The program’s authorization has expired, but Congress has been unable to enact legislation to update the flood insurance program; instead, the program has been funded through a series of short-term measures.
Postal Service
“USPS’s overall financial condition is unsustainable and deteriorating,” the GAO bluntly declared. “Savings from USPS’s cost-reduction efforts have dwindled in recent years.”
Postal service expenses exceeded revenue by $18 billion in 2018 and 2019, as labor costs continued to increase while the volume of the most popular mail products decreased.
The Postal Service is expected to be self-sufficient, which is not necessarily an issue for credit unions. However, some lawmakers and think tanks have recommended that basic banking services be offered in post offices to help generate revenue. In fact, several years ago, the Postal Service’s Inspector General suggested that postal banking might help alleviate the system’s problems.
The IG in 2015 estimated that the USPS could generate $1.1 billion annually by expanding the financial products it offers. In a separate report on the issue, the GAO said considering the cost involved, the services would generate $100 million to $200 million in net revenue.
The GAO also said while offering additional non-postal products at post offices could provide consumer, government or community benefits, “viability may be limited.”
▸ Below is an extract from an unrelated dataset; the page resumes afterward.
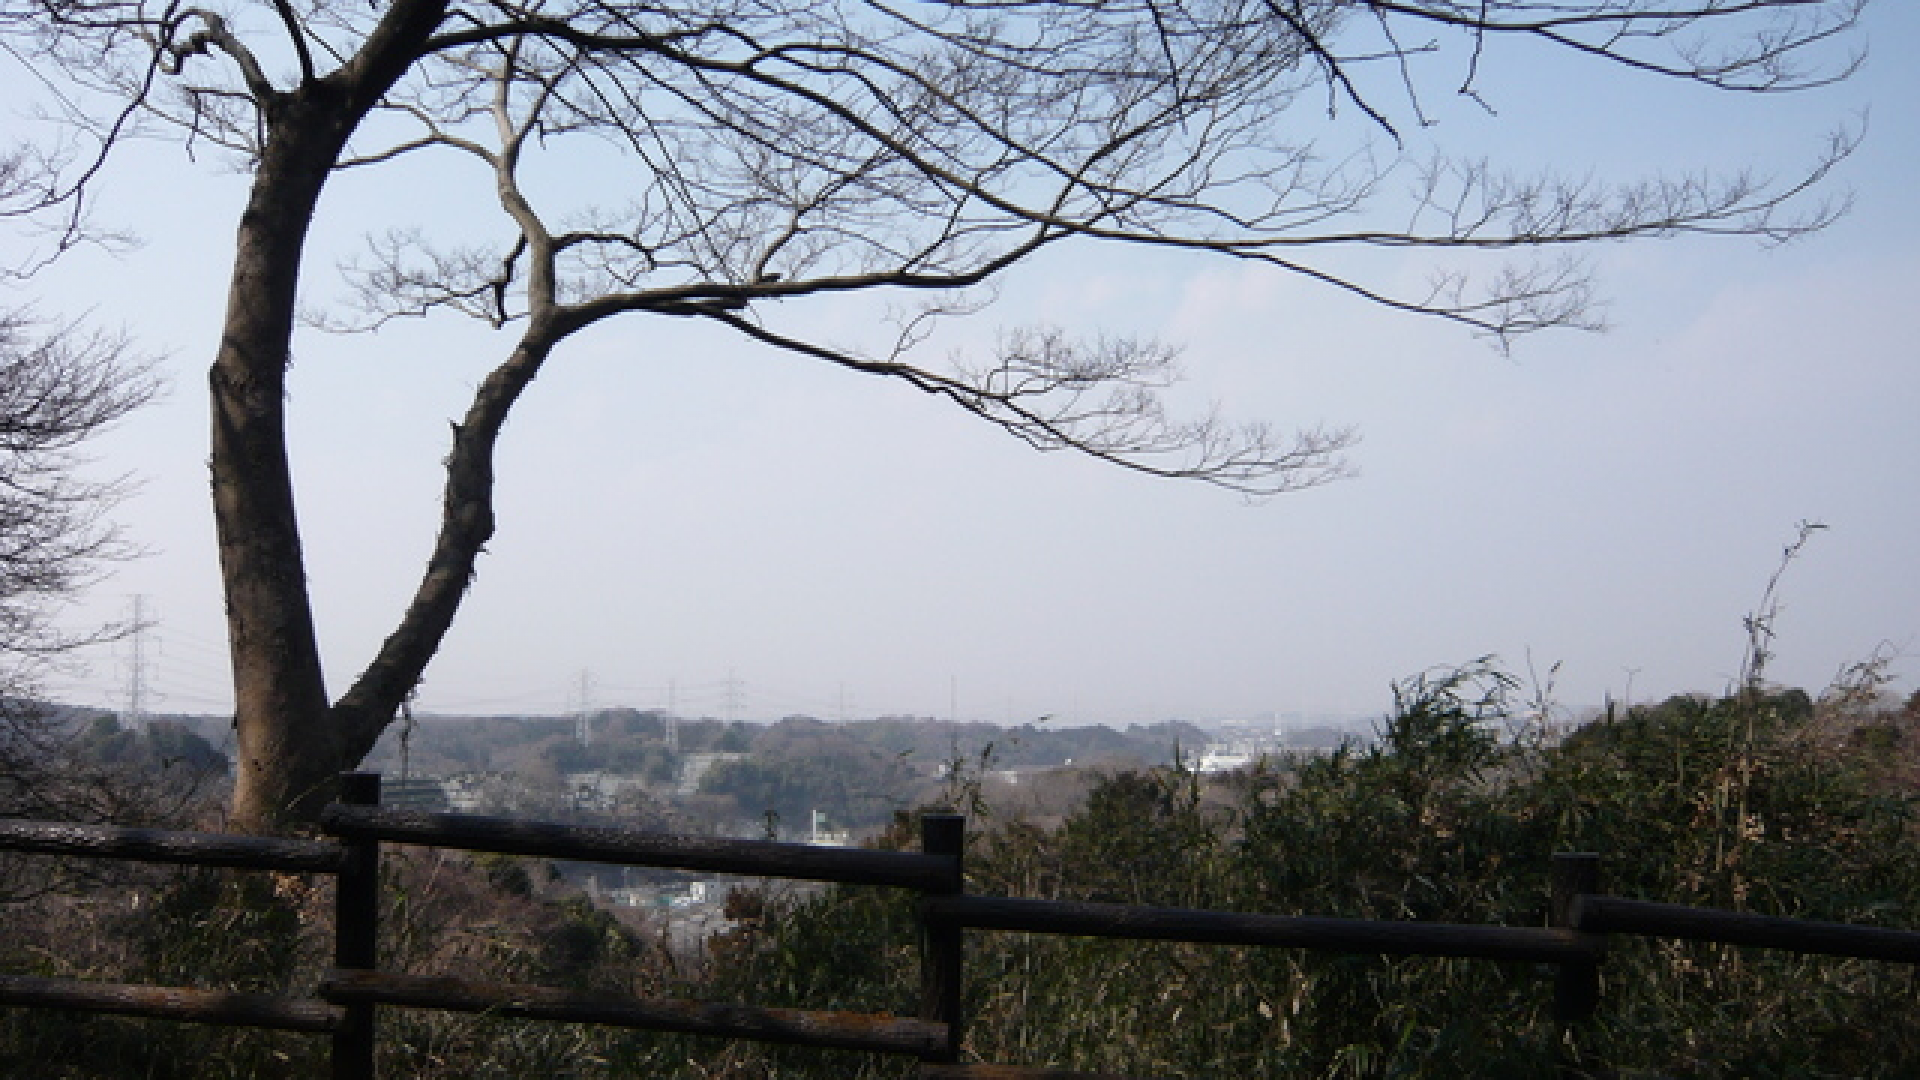 Shizakai Park

The GAO said some other countries offer banking at post offices, but that USPS and banking associations interviewed pointed out that other nations have vastly different regulatory structures. In addition, it said, some foreign postal operators are selling their banks.
Housing Finance
The GAO said that Congress will have to enact changes to finally settle the federal government’s role in housing finance. And while hearings have been held, the House and Senate have not agreed on the issue.
Meanwhile, the federal role in housing finance increased during the financial crisis and the federal government currently supports about two-thirds of the mortgage market.
To complicate matters, the Federal Home Financing Agency, which placed the housing Government Sponsored Enterprises in conservatorship, reported that the enterprises had received $191.4 billion in capital support as of the end of the last fiscal year.
And the GAO said it is up to Congress to fix the problem.
“Overall progress on resolving the federal role in housing finance will be difficult to achieve until Congress provides further direction by enacting changes to the housing finance system,” the accountability office said.
Cybersecurity
Federal agencies must take “urgent action” to implement a comprehensive cybersecurity strategy, perform oversight of the system, secure and protect it, the GAO said.
The Treasury Department has been designated as the lead agency for the sector, but by the end of the fiscal year, the department had not implemented recommendations to establish a system for measuring efforts to mitigate cybersecurity risk.